=== Begin Enclosure ===
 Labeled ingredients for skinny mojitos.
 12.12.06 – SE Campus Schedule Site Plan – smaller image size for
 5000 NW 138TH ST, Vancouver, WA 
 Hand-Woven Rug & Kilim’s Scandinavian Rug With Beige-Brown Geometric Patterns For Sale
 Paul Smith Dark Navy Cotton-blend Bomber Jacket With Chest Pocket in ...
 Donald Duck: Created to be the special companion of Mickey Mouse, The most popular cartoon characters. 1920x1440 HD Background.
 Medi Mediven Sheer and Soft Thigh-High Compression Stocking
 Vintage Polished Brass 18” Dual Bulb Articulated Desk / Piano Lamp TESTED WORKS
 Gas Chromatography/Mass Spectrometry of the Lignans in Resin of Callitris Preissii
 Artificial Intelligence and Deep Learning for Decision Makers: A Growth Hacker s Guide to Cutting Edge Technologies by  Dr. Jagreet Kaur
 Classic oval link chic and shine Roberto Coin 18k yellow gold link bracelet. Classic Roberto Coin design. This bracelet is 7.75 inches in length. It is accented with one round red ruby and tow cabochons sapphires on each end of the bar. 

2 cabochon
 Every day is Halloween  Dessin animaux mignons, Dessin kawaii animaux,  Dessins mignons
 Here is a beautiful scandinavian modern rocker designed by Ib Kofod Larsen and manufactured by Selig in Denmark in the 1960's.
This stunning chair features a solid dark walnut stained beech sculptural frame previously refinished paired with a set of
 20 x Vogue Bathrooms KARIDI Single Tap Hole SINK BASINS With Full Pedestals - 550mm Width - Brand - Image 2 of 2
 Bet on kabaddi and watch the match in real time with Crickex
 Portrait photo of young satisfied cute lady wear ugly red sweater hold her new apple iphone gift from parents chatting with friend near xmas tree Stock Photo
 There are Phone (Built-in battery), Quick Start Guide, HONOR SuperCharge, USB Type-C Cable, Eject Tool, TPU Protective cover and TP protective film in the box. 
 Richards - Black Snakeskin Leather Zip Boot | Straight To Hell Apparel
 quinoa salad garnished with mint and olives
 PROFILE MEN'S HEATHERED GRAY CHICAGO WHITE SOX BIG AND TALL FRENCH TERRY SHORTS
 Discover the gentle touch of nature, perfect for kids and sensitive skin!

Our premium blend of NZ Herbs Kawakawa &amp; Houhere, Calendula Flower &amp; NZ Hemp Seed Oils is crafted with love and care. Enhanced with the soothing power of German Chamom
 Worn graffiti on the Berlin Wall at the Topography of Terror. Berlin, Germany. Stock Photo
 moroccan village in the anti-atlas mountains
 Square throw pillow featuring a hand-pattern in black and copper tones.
=== End Enclosure ===
* [TRY IT] Which lines above hold the string "Guide"? Copy every one of them.

* [EXERCISE OUTPUT]
 Artificial Intelligence and Deep Learning for Decision Makers: A Growth Hacker s Guide to Cutting Edge Technologies by  Dr. Jagreet Kaur
 There are Phone (Built-in battery), Quick Start Guide, HONOR SuperCharge, USB Type-C Cable, Eject Tool, TPU Protective cover and TP protective film in the box. 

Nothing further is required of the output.